**Instructions to follow:** In the entries that follow, copy exactly each line from the first through the line with "Auspuffband / Hitzeschutzband".

**** Supplied information ****

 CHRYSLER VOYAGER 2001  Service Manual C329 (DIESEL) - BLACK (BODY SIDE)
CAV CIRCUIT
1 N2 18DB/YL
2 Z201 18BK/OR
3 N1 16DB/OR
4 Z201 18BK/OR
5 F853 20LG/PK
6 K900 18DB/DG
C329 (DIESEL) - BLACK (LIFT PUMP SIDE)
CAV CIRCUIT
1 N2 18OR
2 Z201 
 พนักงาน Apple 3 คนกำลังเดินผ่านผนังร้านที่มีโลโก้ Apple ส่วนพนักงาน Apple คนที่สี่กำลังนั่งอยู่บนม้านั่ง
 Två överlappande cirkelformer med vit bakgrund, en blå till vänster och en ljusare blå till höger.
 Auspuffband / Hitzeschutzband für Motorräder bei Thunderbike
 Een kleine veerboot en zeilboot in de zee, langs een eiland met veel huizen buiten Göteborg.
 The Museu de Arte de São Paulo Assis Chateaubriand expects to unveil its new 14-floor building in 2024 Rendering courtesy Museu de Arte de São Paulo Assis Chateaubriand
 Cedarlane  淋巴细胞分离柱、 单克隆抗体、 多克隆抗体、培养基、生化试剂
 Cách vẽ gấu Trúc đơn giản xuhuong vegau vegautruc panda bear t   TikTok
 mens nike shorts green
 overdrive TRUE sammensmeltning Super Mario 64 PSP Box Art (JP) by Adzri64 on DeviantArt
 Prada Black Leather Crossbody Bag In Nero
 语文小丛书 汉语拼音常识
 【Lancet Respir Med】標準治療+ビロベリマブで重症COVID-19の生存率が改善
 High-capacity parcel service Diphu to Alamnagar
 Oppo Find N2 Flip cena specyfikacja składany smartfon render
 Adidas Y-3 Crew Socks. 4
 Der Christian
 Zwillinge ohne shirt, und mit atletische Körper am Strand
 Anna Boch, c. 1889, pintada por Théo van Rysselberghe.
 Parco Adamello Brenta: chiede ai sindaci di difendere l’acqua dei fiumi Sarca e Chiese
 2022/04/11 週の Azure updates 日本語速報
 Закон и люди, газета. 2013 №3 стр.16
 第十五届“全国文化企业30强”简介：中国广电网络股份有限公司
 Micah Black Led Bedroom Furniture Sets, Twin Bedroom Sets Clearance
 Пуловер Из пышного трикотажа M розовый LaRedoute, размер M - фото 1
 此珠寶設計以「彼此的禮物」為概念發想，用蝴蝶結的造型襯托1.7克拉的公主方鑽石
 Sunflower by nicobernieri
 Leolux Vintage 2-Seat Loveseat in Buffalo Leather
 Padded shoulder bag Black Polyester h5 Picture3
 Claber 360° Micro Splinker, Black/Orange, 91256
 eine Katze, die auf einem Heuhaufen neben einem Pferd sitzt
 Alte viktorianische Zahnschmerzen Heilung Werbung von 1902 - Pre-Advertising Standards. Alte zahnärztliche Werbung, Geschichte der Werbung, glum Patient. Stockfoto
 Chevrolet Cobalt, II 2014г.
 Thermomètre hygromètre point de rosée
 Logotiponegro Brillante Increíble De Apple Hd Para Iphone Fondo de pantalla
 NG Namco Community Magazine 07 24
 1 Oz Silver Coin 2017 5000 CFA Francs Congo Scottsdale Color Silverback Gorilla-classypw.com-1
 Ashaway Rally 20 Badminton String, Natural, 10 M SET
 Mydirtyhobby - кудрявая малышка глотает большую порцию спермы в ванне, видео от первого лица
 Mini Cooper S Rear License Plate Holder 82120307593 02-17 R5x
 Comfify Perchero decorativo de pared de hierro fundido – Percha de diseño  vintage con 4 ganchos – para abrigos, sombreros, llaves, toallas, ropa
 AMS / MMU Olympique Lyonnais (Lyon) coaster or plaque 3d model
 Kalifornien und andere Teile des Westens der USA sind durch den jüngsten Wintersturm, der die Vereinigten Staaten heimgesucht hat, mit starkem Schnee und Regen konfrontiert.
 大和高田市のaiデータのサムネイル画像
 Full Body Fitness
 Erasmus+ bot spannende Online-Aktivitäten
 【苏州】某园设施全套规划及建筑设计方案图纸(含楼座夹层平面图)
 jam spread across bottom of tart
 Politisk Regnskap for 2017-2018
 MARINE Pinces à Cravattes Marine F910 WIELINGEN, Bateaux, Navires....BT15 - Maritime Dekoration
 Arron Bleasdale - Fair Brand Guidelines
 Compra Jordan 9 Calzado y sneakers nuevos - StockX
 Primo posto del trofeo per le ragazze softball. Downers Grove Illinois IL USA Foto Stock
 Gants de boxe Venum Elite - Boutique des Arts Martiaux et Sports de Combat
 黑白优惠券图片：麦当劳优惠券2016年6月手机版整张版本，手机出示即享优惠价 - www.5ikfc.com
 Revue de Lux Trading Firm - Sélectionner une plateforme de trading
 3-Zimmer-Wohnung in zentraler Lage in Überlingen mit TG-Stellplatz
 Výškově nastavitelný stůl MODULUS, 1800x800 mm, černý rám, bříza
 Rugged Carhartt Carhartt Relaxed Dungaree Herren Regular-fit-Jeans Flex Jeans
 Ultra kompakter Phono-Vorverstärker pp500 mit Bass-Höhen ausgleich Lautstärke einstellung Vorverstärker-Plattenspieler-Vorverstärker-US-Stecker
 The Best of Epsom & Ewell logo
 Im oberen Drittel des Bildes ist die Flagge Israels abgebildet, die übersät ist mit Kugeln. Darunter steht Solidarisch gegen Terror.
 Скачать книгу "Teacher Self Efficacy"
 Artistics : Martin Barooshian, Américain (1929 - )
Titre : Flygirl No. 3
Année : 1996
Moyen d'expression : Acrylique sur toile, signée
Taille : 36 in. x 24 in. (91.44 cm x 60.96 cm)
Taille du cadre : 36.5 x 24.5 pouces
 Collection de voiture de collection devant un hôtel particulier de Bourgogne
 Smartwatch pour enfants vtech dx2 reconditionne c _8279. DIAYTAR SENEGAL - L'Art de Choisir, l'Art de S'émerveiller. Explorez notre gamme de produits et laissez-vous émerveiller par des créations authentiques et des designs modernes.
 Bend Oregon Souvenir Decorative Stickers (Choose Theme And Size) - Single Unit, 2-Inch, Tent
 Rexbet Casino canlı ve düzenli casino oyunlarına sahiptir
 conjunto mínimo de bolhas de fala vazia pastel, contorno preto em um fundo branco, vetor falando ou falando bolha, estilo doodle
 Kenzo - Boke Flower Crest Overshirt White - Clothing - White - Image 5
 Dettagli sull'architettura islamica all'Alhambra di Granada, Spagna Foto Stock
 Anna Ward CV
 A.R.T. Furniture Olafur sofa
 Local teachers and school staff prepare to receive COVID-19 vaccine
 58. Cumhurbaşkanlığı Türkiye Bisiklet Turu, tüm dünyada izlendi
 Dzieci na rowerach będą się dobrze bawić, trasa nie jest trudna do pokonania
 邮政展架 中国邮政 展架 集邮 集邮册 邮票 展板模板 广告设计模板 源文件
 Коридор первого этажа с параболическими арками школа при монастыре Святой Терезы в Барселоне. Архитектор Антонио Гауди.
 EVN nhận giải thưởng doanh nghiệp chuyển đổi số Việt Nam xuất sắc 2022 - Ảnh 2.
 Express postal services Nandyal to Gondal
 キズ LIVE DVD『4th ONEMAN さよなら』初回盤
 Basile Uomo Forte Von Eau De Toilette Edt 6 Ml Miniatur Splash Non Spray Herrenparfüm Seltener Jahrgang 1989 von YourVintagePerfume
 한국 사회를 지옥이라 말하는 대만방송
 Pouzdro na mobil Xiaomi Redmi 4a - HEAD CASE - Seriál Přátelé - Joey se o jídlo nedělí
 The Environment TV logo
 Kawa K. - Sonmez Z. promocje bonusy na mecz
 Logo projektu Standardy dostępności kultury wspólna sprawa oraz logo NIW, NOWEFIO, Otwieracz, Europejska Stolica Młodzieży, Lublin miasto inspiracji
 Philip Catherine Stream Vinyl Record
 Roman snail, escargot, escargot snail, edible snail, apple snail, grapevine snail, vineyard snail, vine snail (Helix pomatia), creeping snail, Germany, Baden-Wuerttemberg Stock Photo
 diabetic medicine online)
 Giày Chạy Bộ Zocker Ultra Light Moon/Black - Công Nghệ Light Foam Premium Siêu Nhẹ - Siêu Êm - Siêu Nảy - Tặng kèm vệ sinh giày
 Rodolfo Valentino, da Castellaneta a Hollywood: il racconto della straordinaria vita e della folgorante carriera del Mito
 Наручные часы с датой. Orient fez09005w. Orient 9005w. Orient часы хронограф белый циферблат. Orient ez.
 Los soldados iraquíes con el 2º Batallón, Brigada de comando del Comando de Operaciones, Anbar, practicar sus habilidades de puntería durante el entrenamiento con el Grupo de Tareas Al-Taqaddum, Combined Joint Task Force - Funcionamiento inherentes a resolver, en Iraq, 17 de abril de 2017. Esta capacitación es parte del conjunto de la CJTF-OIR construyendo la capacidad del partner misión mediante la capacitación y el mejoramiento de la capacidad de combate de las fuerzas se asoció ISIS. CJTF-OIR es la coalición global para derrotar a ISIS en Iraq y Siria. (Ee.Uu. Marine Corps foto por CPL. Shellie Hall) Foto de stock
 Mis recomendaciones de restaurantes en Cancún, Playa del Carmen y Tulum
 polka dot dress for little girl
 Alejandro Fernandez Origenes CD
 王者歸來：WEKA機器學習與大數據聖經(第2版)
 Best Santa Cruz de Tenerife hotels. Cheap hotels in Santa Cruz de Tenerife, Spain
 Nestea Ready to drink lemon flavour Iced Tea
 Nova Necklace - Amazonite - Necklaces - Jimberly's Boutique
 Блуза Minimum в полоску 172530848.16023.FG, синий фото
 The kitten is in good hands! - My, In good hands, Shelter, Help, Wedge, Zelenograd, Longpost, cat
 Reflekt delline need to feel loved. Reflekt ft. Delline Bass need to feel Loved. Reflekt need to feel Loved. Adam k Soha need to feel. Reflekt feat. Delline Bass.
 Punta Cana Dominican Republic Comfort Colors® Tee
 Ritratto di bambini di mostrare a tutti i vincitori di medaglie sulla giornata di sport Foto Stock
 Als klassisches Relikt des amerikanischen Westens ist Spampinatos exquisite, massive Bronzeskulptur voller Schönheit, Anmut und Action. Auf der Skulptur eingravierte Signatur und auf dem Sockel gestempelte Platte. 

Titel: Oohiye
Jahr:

****

**Answer space:**
 CHRYSLER VOYAGER 2001  Service Manual C329 (DIESEL) - BLACK (BODY SIDE)
CAV CIRCUIT
1 N2 18DB/YL
2 Z201 18BK/OR
3 N1 16DB/OR
4 Z201 18BK/OR
5 F853 20LG/PK
6 K900 18DB/DG
C329 (DIESEL) - BLACK (LIFT PUMP SIDE)
CAV CIRCUIT
1 N2 18OR
2 Z201 
 พนักงาน Apple 3 คนกำลังเดินผ่านผนังร้านที่มีโลโก้ Apple ส่วนพนักงาน Apple คนที่สี่กำลังนั่งอยู่บนม้านั่ง
 Två överlappande cirkelformer med vit bakgrund, en blå till vänster och en ljusare blå till höger.
 Auspuffband / Hitzeschutzband für Motorräder bei Thunderbike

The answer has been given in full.